As a start to this conversion, I am trying to select the [SSN], [DATE], [TIME] from my tracking table, and the [TIME] from the changelog (the value that [TIME] in my tracking table should actually contain).
The issue I'm having however is that the change log can have multiple entries, even on 1 particular date.
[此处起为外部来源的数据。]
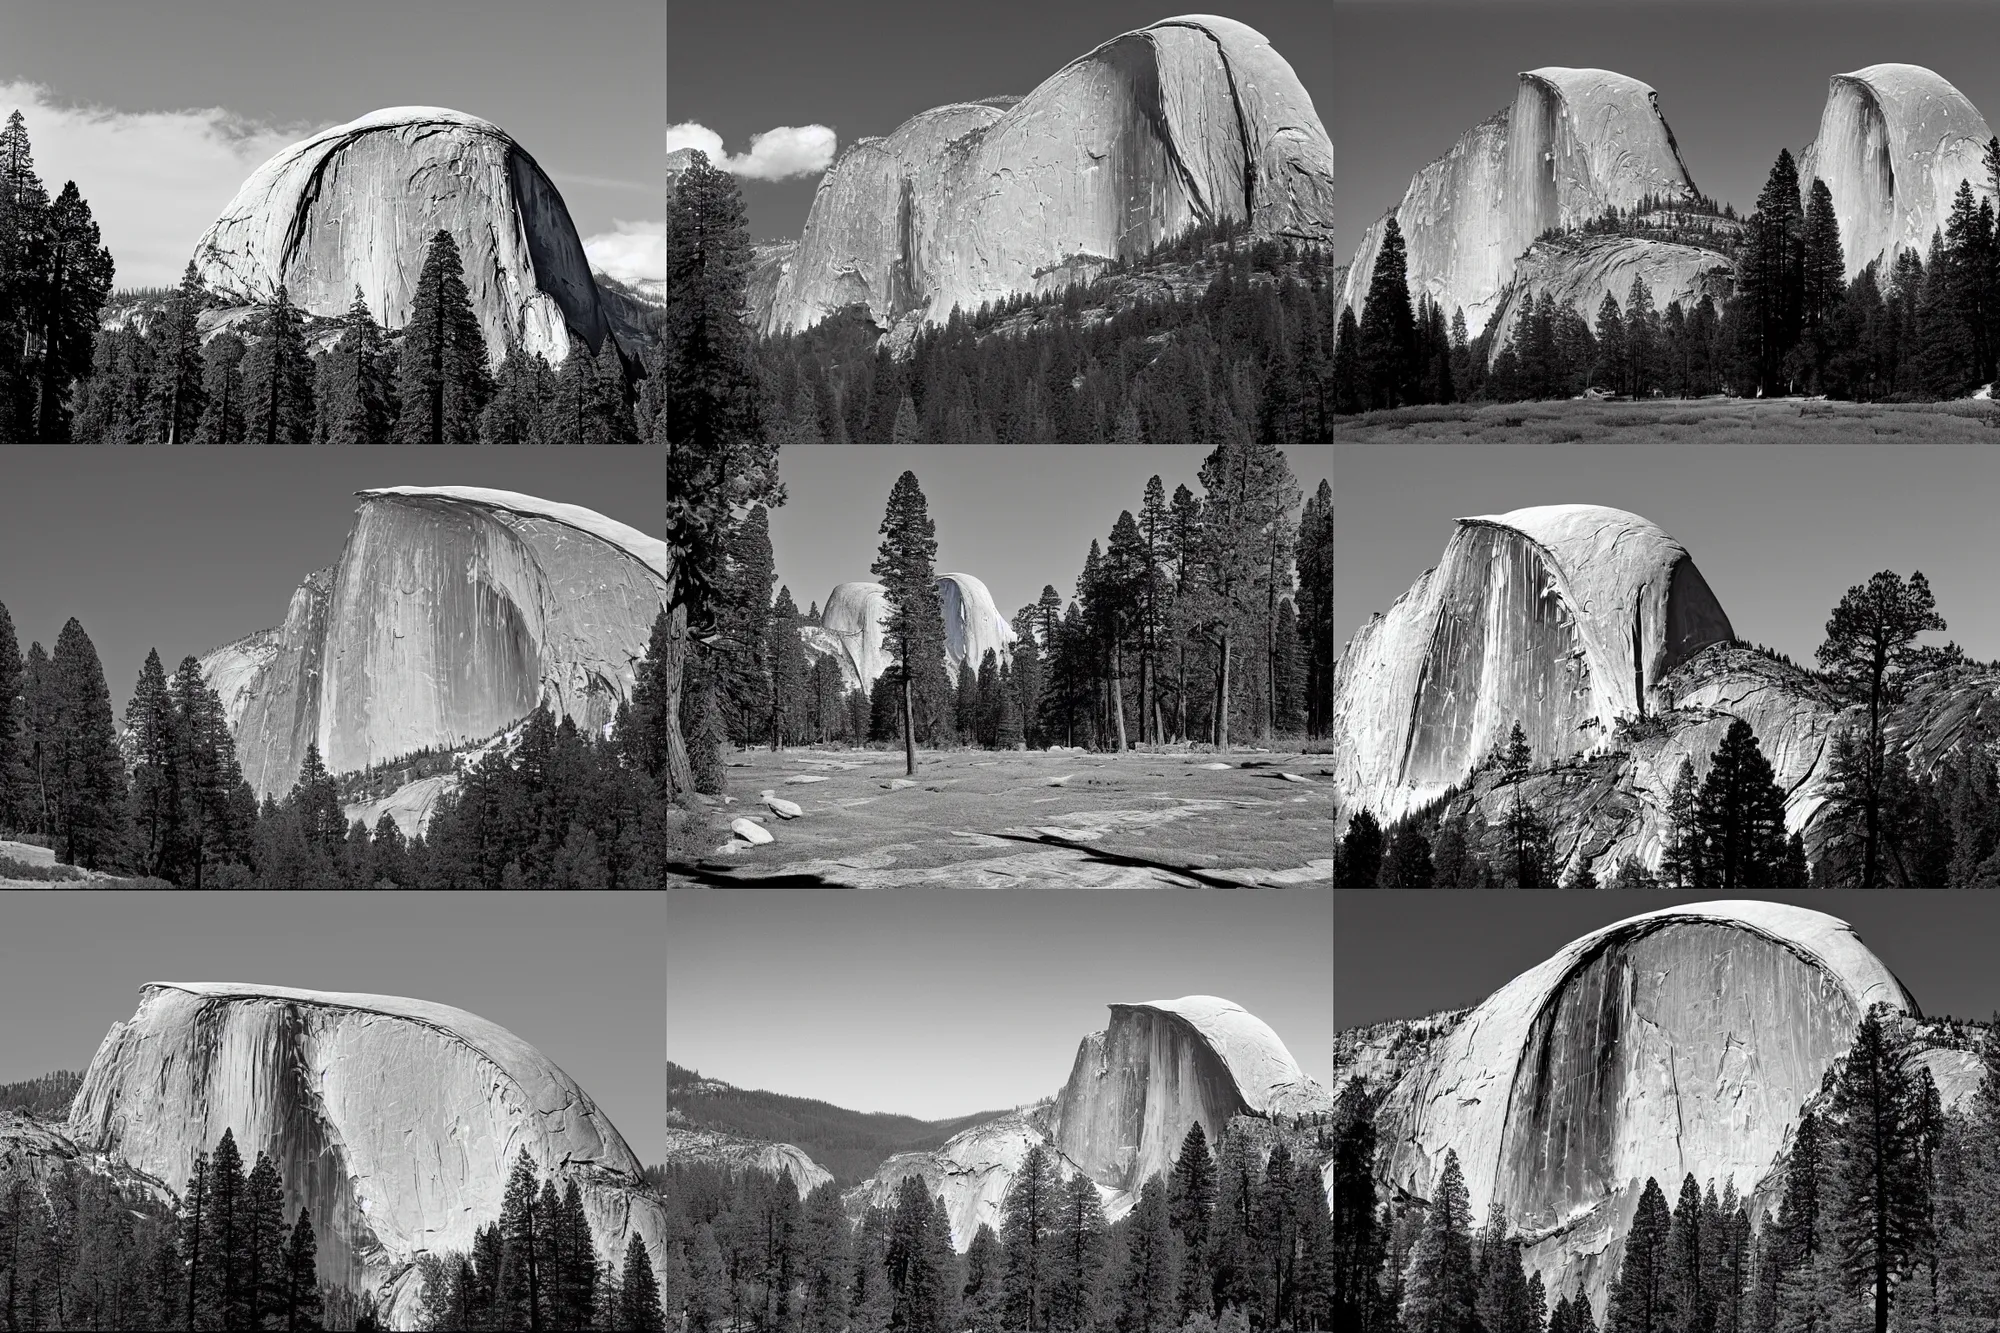 Prompt: photo of half dome by ansel adams
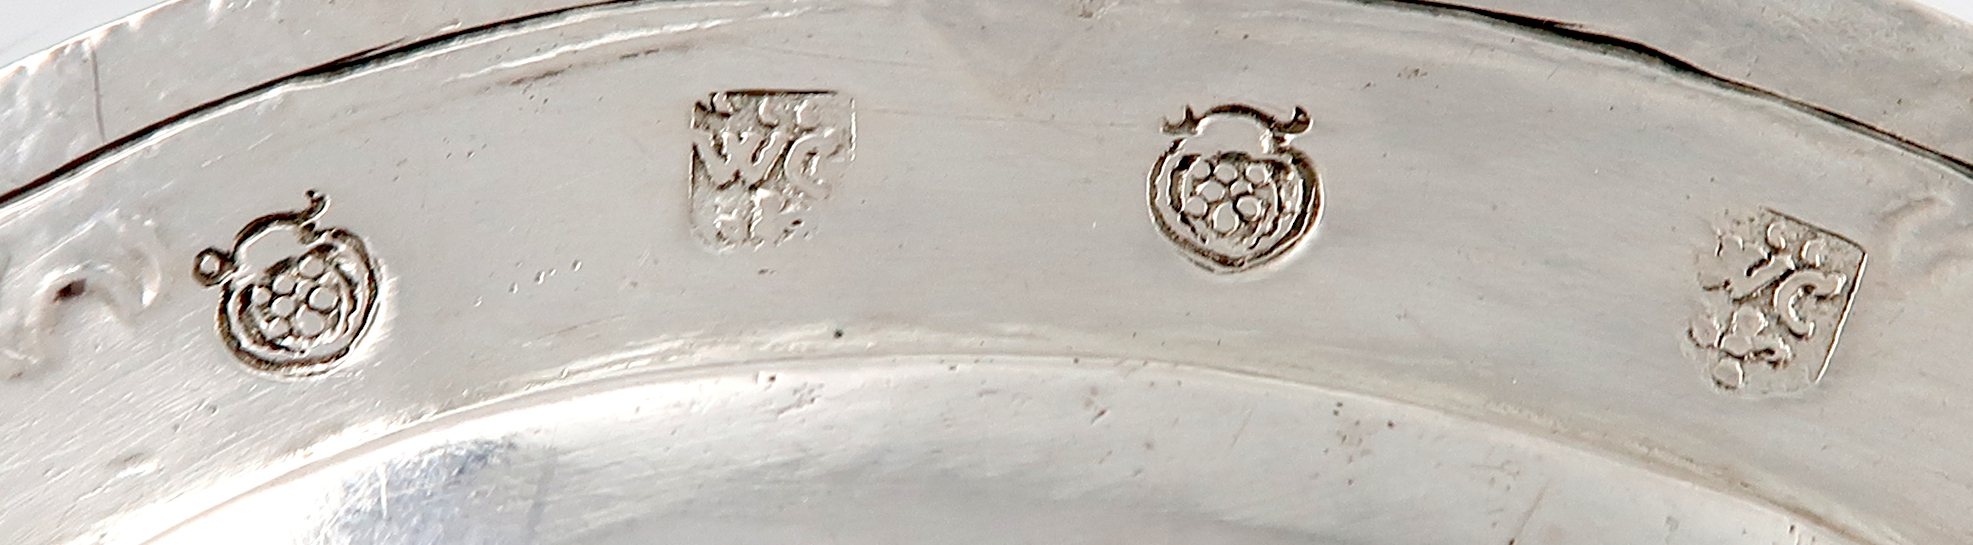 A late 17th century silver West Country paten or small footed dish in the Chinoiserie manner, by - Image 2 of 2

For instance, my below attempt returns the following:
SELECT DISTINCT a.SSN, a.DATE, a.TIME, b.TIME AS CORRECT_TIME
FROM trackTable a, changeLog b
WHERE (a.SSN = b.SSAN) AND (a.DATE = b.DATE)
Results:
SSN | DATE | TIME | CORRECT_TIME
123456789 | 20140117 | 94738 | 91541
123456789 | 20140117 | 94738 | 91542
678912345 | 20140123 | 124542 | 144557
678912345 | 20140123 | 124542 | 144558
678912345 | 20140123 | 124542 | 144559
678912345 | 20140123 | 124542 | 144600
My question is, how can I select only the MOST RECENT value for field [CORRECT_TIME]? I've been trying a few variations of joins and where clauses, but I'm still pretty new to SQL.
回答1:
Try a Common Table Expression. The 'with xxx as (...)' part will create a temporary table in memory so to speak. The table will contain the latest time via MAX(TIME) for each unique combination of SSN and DATE via GROUP BY SSN, DATE.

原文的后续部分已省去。